I have a 1gb csv file. The file has about 10000000(10 Mil) rows. I need to iterate through the rows to get the max of a few selected rows(based on a condition). The issue is reading the csv file.
I use the Pandas package for Python. The read_csv() function throws the MemoryError while reading the csv file. 1) I have tried to split the file into chunks and read them, Now, the concat() function has a memory issue.
tp = pd.read_csv('capture2.csv', iterator=True, chunksize=10000, dtype={'timestamp': float, 'vdd_io_soc_i': float, 'vdd_io_soc_v': float, 'vdd_io_plat_i': float, 'vdd_io_plat_v': float, 'vdd_ext_flash_i': float, 'vdd_ext_flash_v': float, 'vsys_i vsys_v': float, 'vdd_aon_dig_i': float, 'vdd_aon_dig_v': float, 'vdd_soc_1v8_i': float, 'vdd_soc_1v8_v': float})
df = pd.concat(tp,ignore_index=True)
I have used the dtype to reduce memory hog, still there is no improvement.
Based on multiple blog posts. I have updated numpy, pandas all of them to the latest version.
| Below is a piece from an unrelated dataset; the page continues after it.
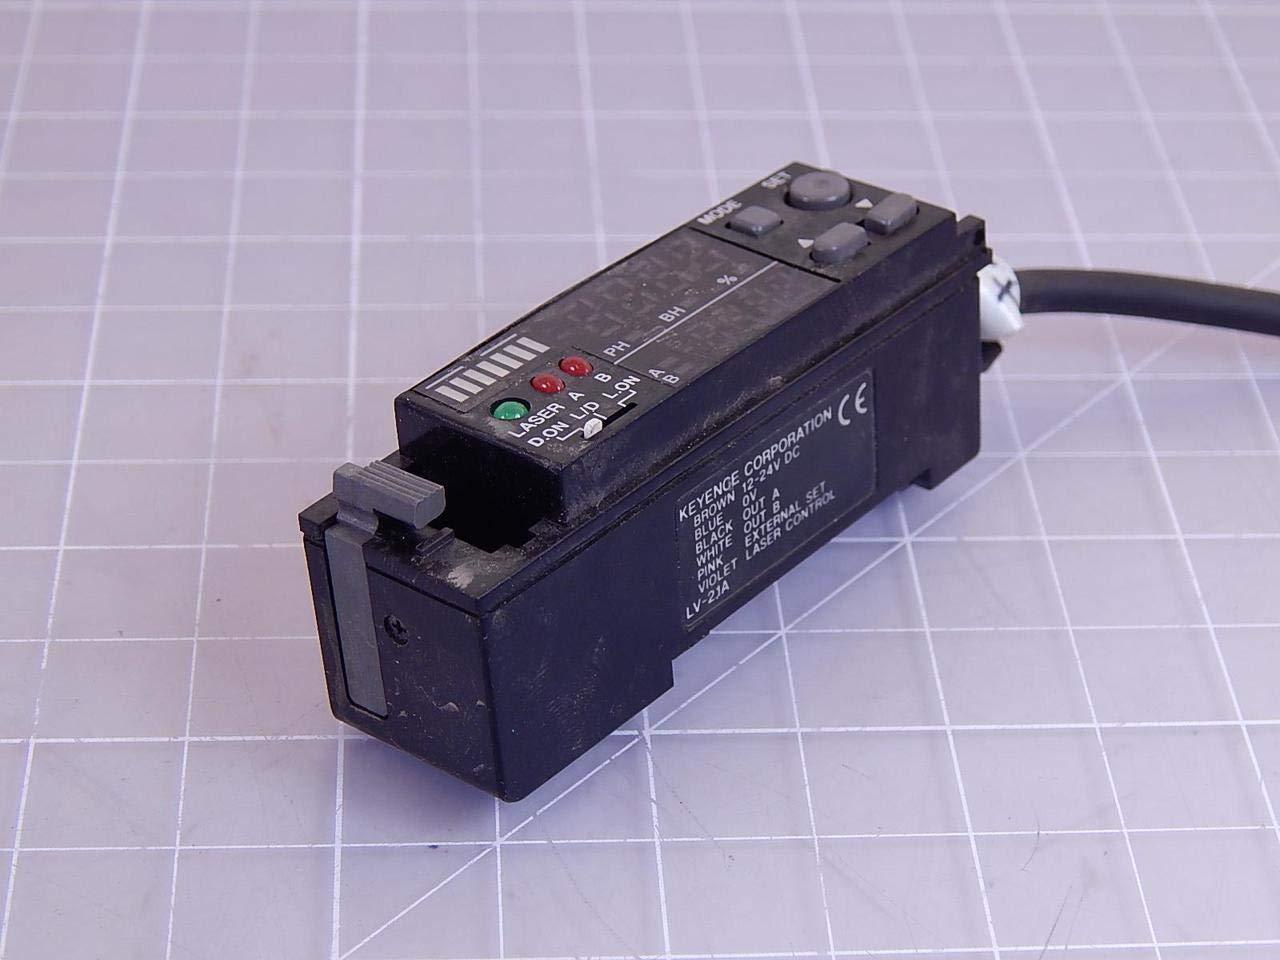 KEYENCE LV-21A Digital Laser Sensor Amplifier Display 12-24VDC T12338: Mechanical Component Equipment Cases: Amazon.com: Industrial & Scientific
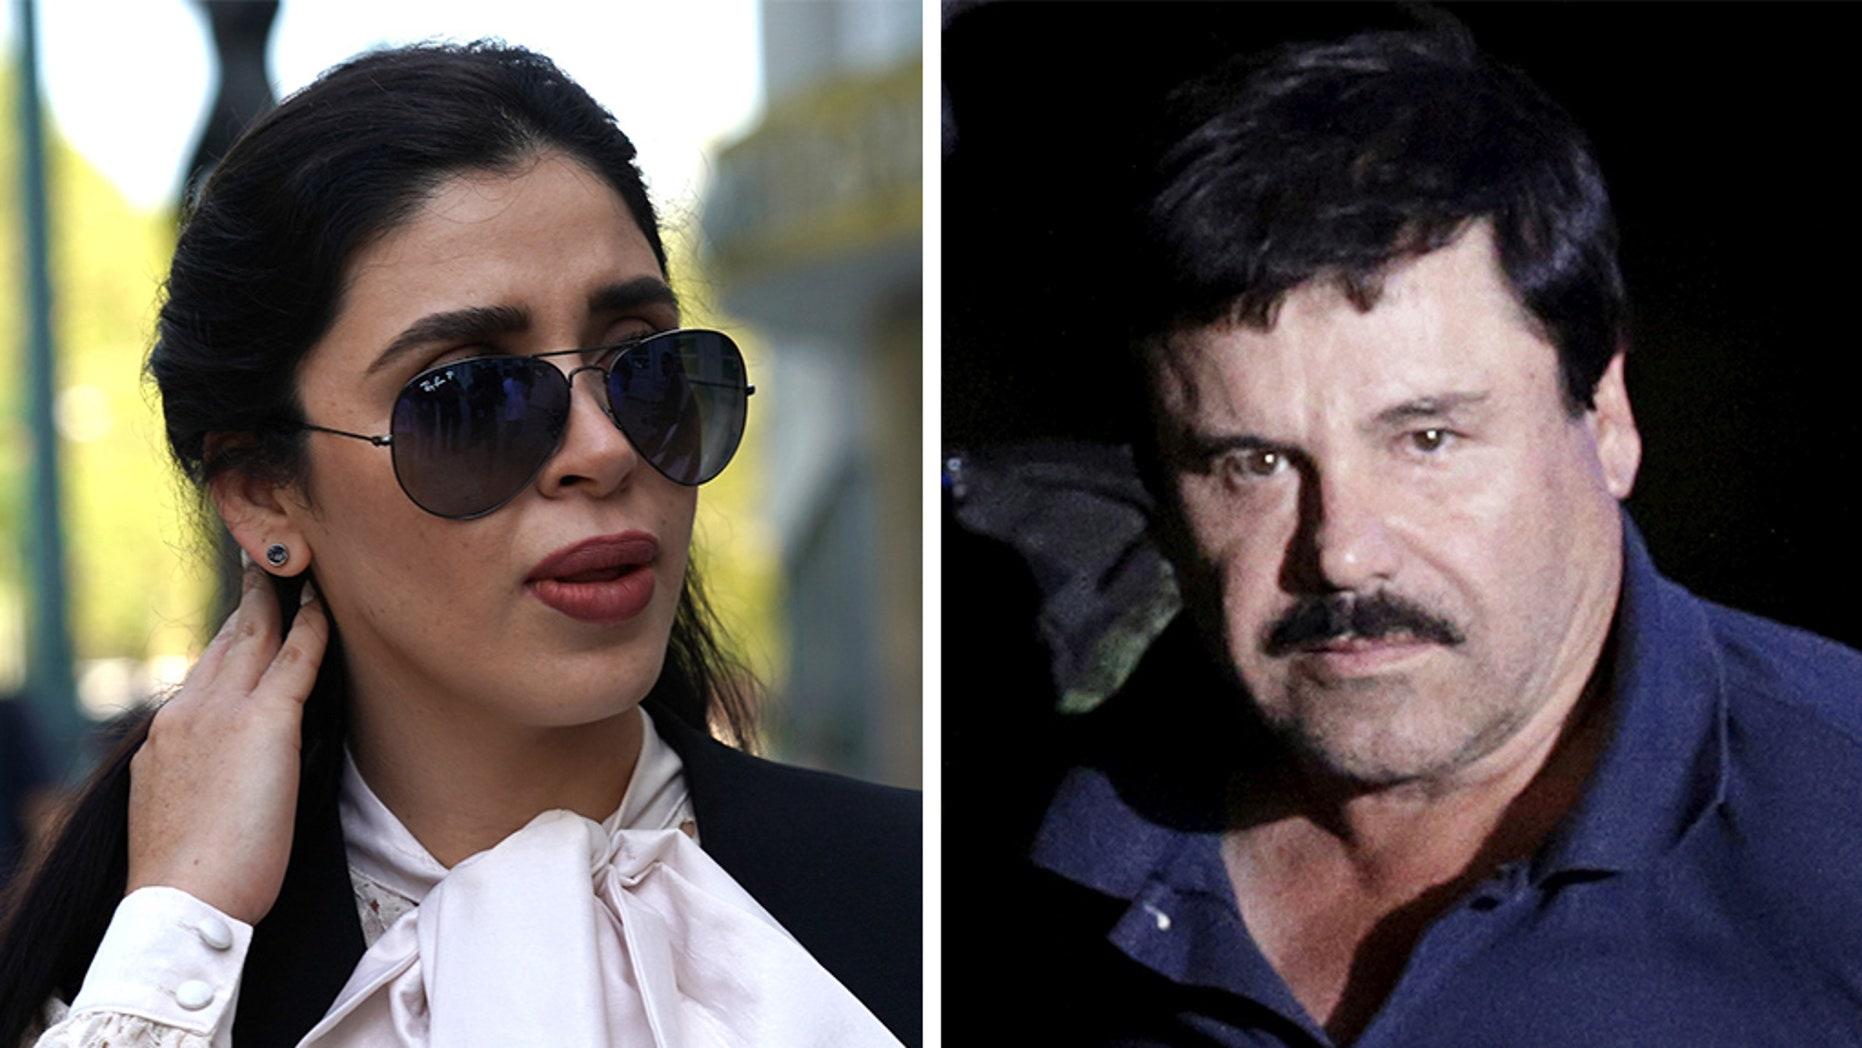 el chapo u2019s beauty queen wife disses media u2019s  u2018unfair u2019 caricature of her drug

Still no luck.
It would be great if anyone has a solution to this issue.
Please note:
I have a 64bit operating system(Windows 7)
I am running Python 2.7.10 (default, May 23 2015, 09:40:32) [MSC v.1500 32 bit]
I have 4GB Ram.
Numpy latest (pip installer says latest version installed)
Pandas Latest.(pip installer says latest version installed)